• WHAT IS NEEDED: Nothing but the lines from the one with "Children having fun" through the end of the listing should be reproduced, each exactly and with pictures omitted.

• RECORDED DATA:
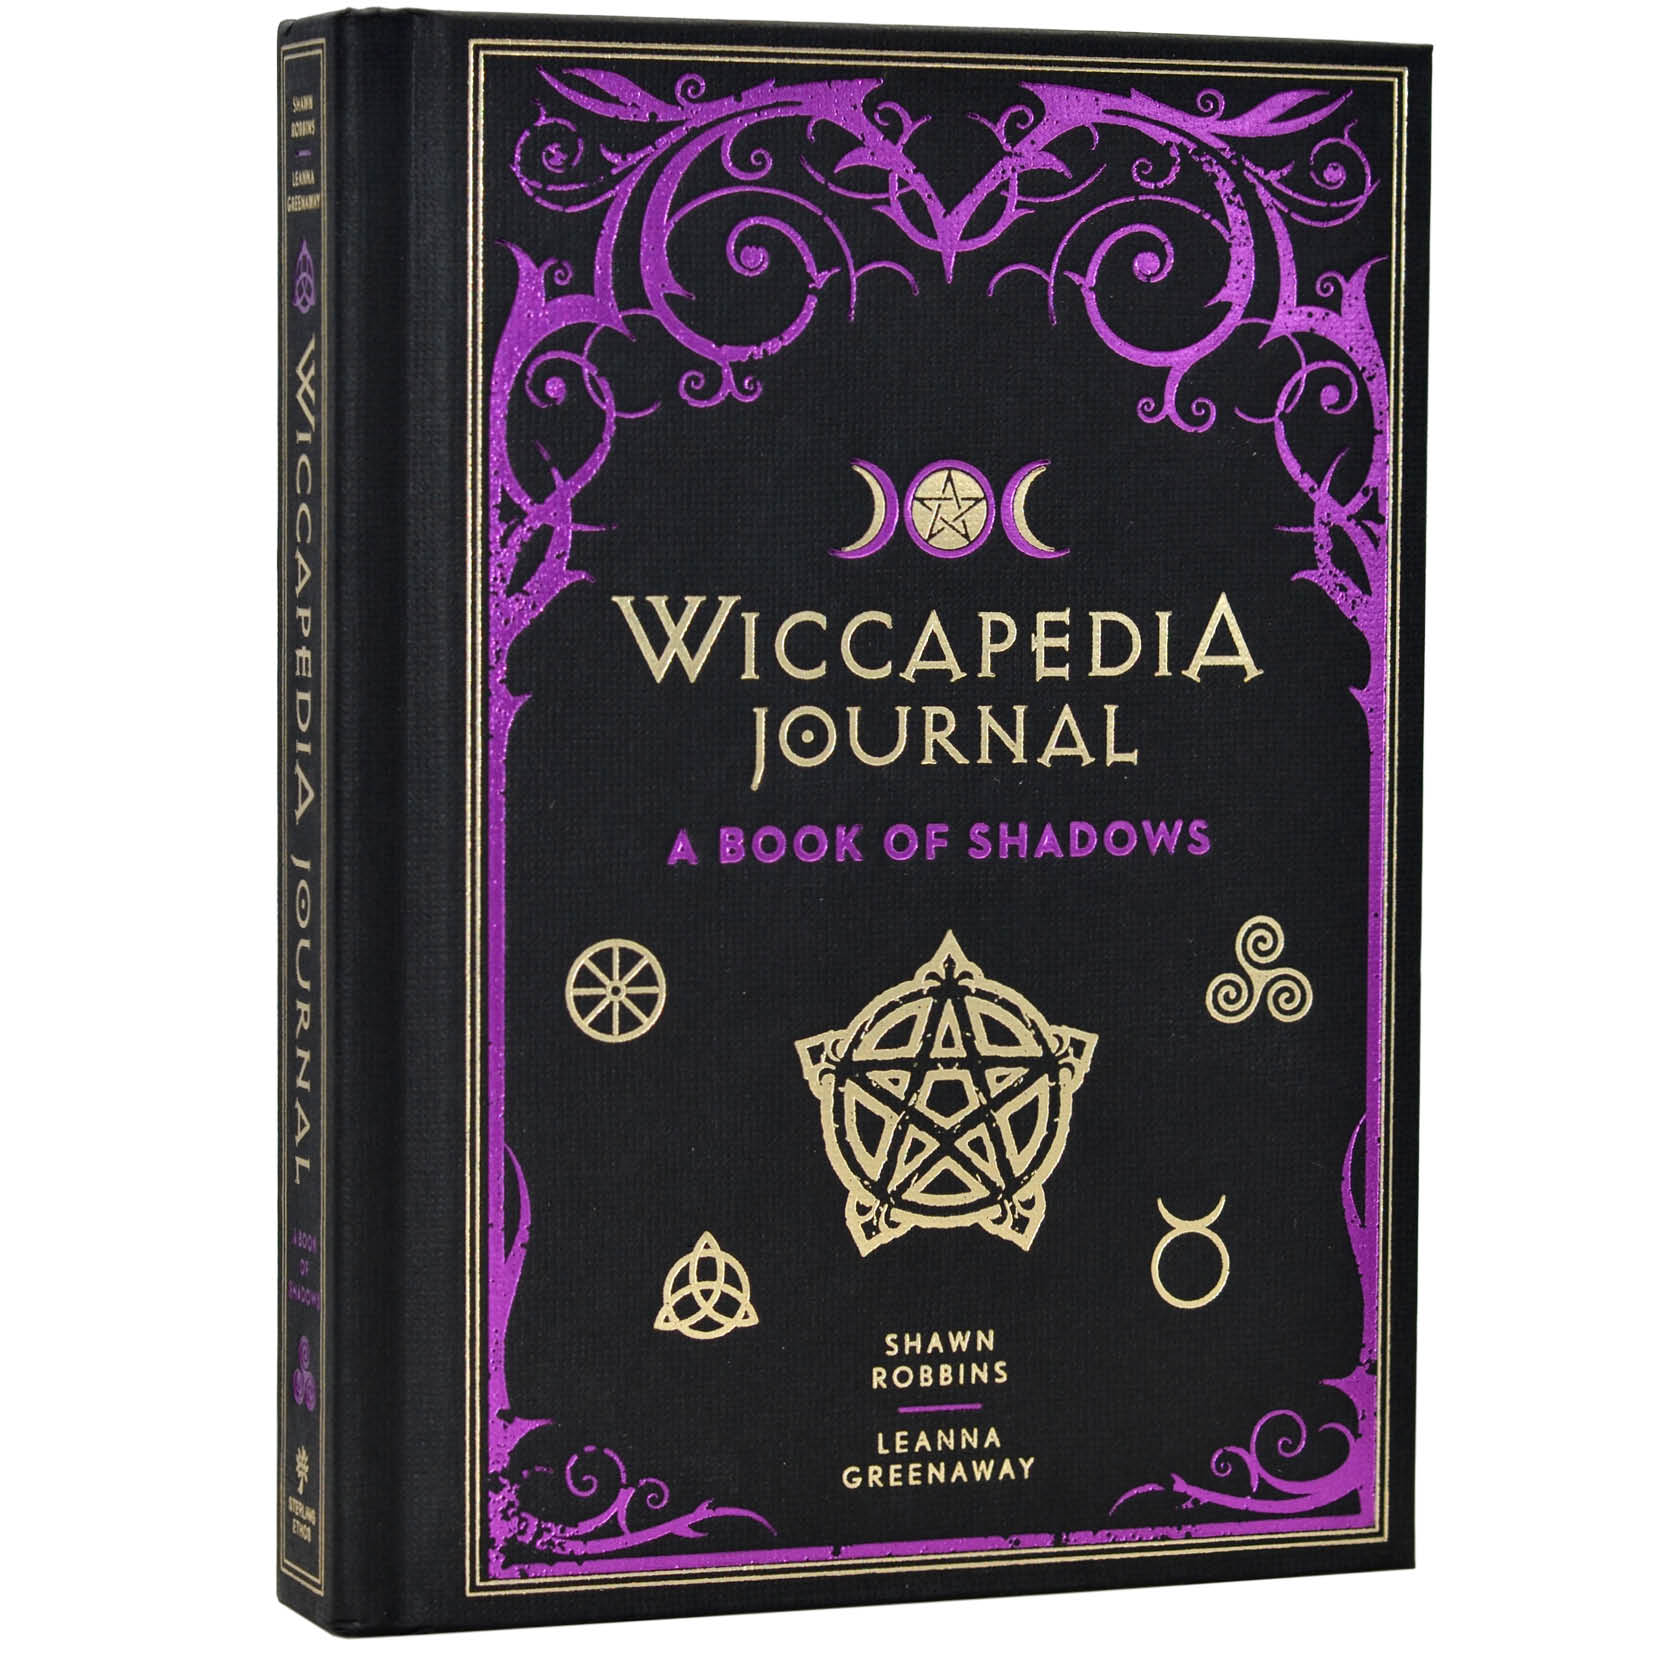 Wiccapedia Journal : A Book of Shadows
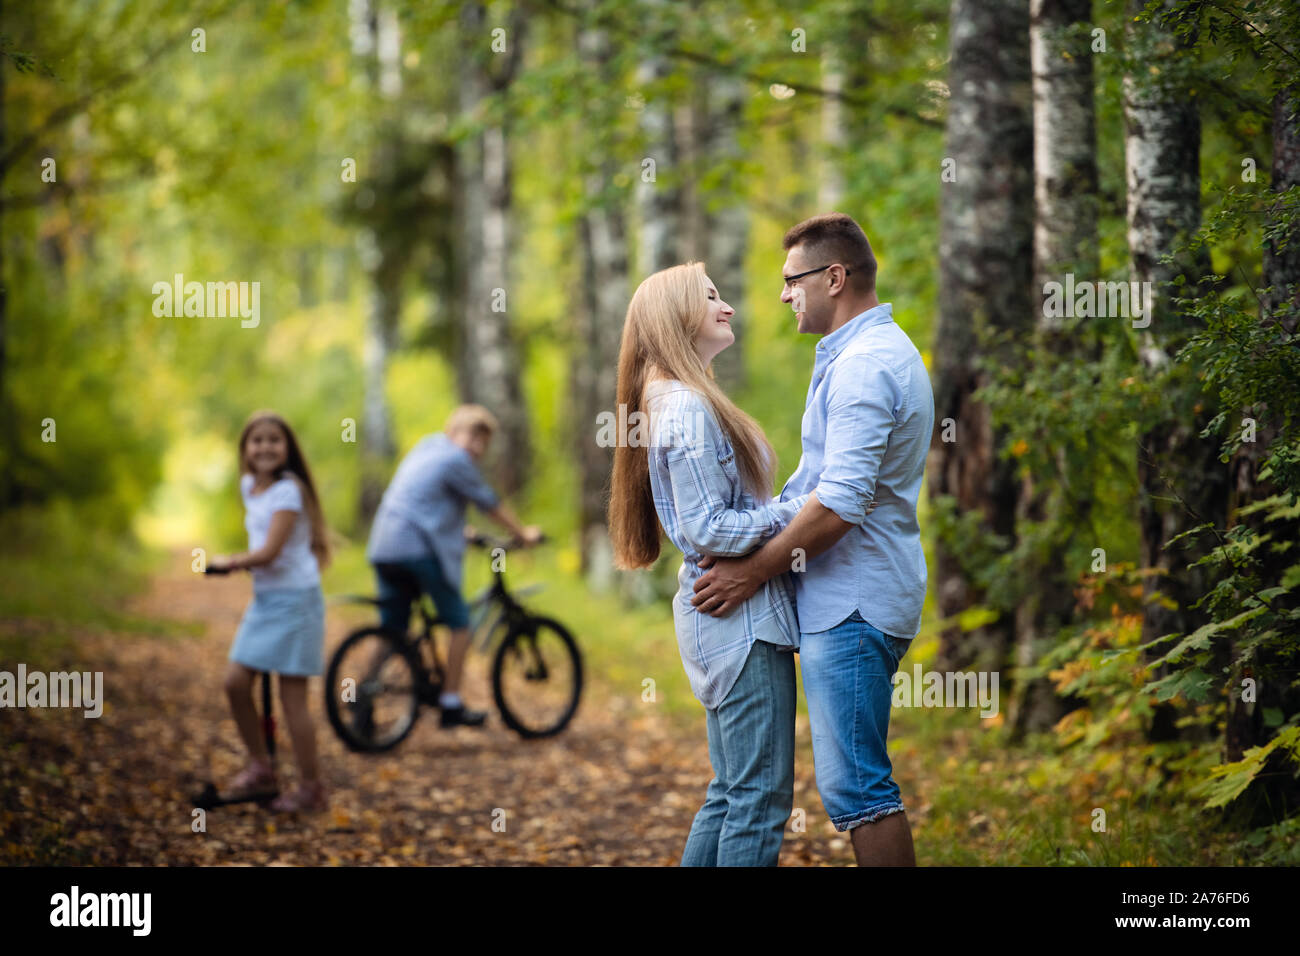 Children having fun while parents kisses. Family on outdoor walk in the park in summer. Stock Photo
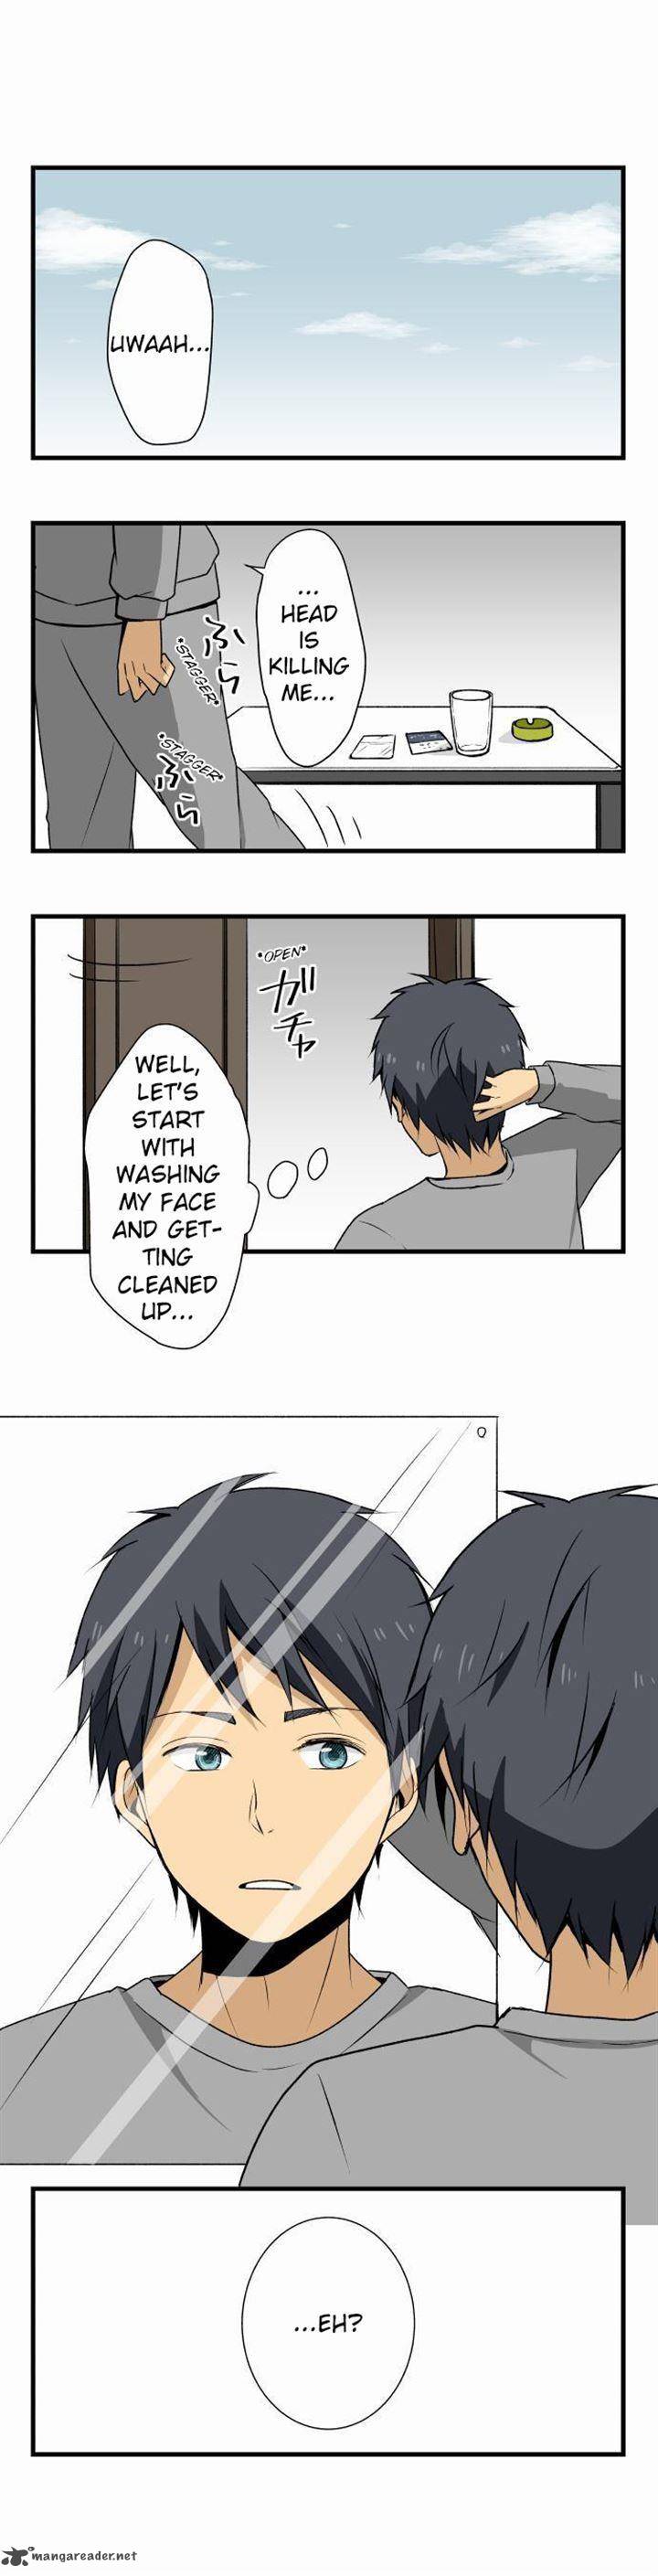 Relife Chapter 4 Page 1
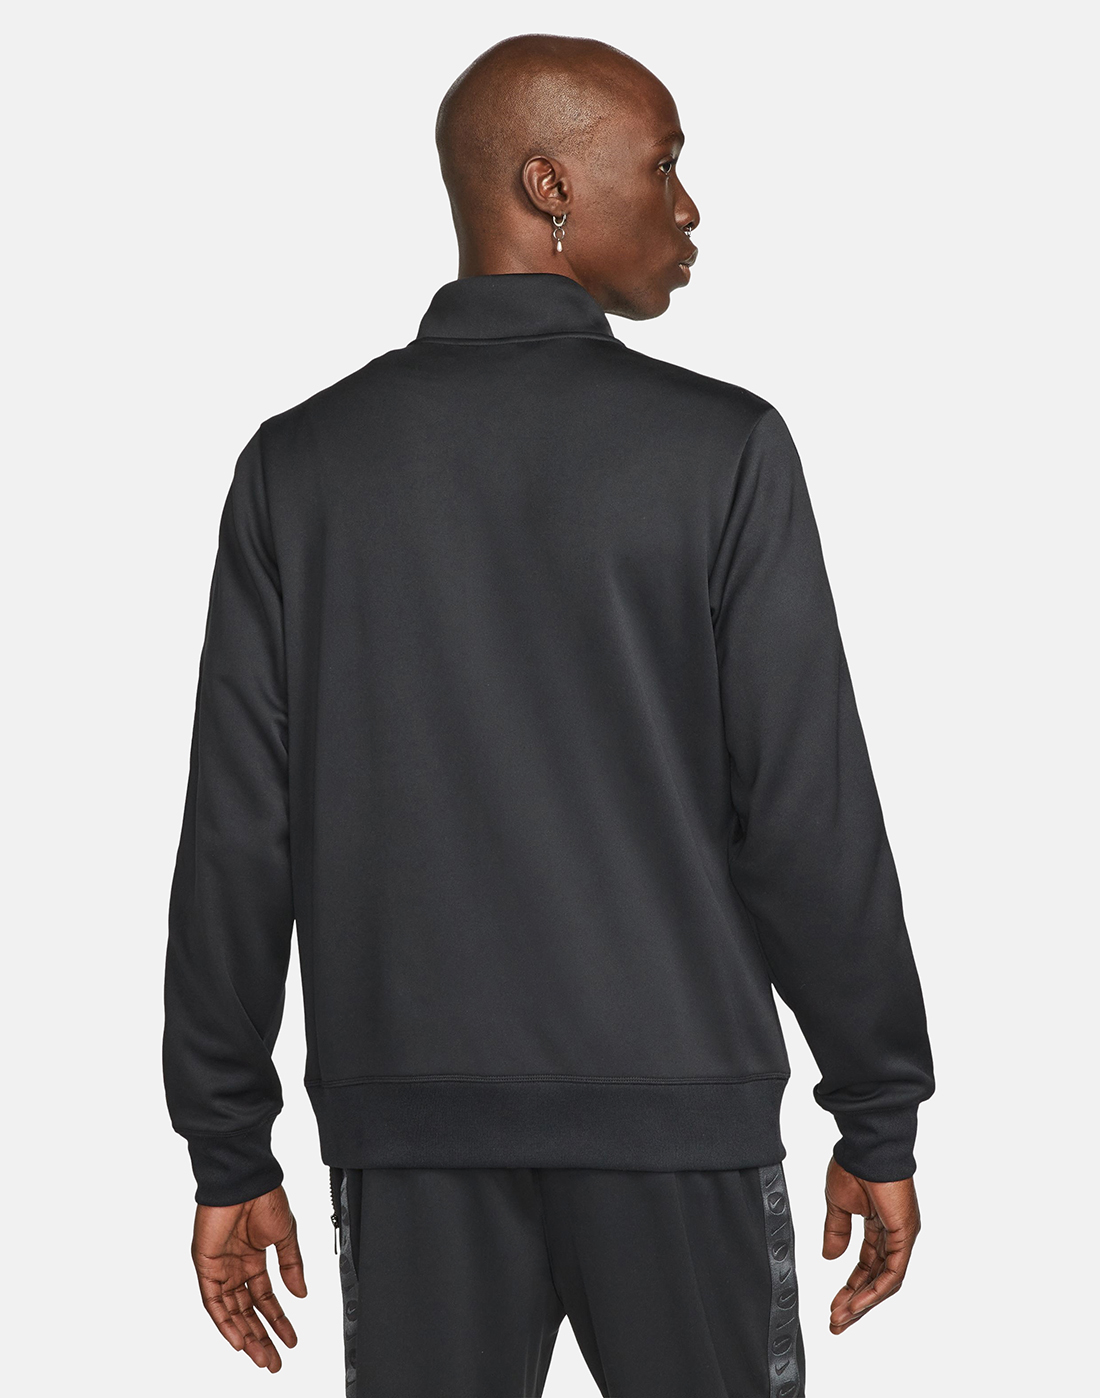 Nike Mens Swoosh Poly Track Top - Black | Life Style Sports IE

• SOLUTION TO THIS EXERCISE:
 Children having fun while parents kisses. Family on outdoor walk in the park in summer. Stock Photo
 Relife Chapter 4 Page 1
 Nike Mens Swoosh Poly Track Top - Black | Life Style Sports IE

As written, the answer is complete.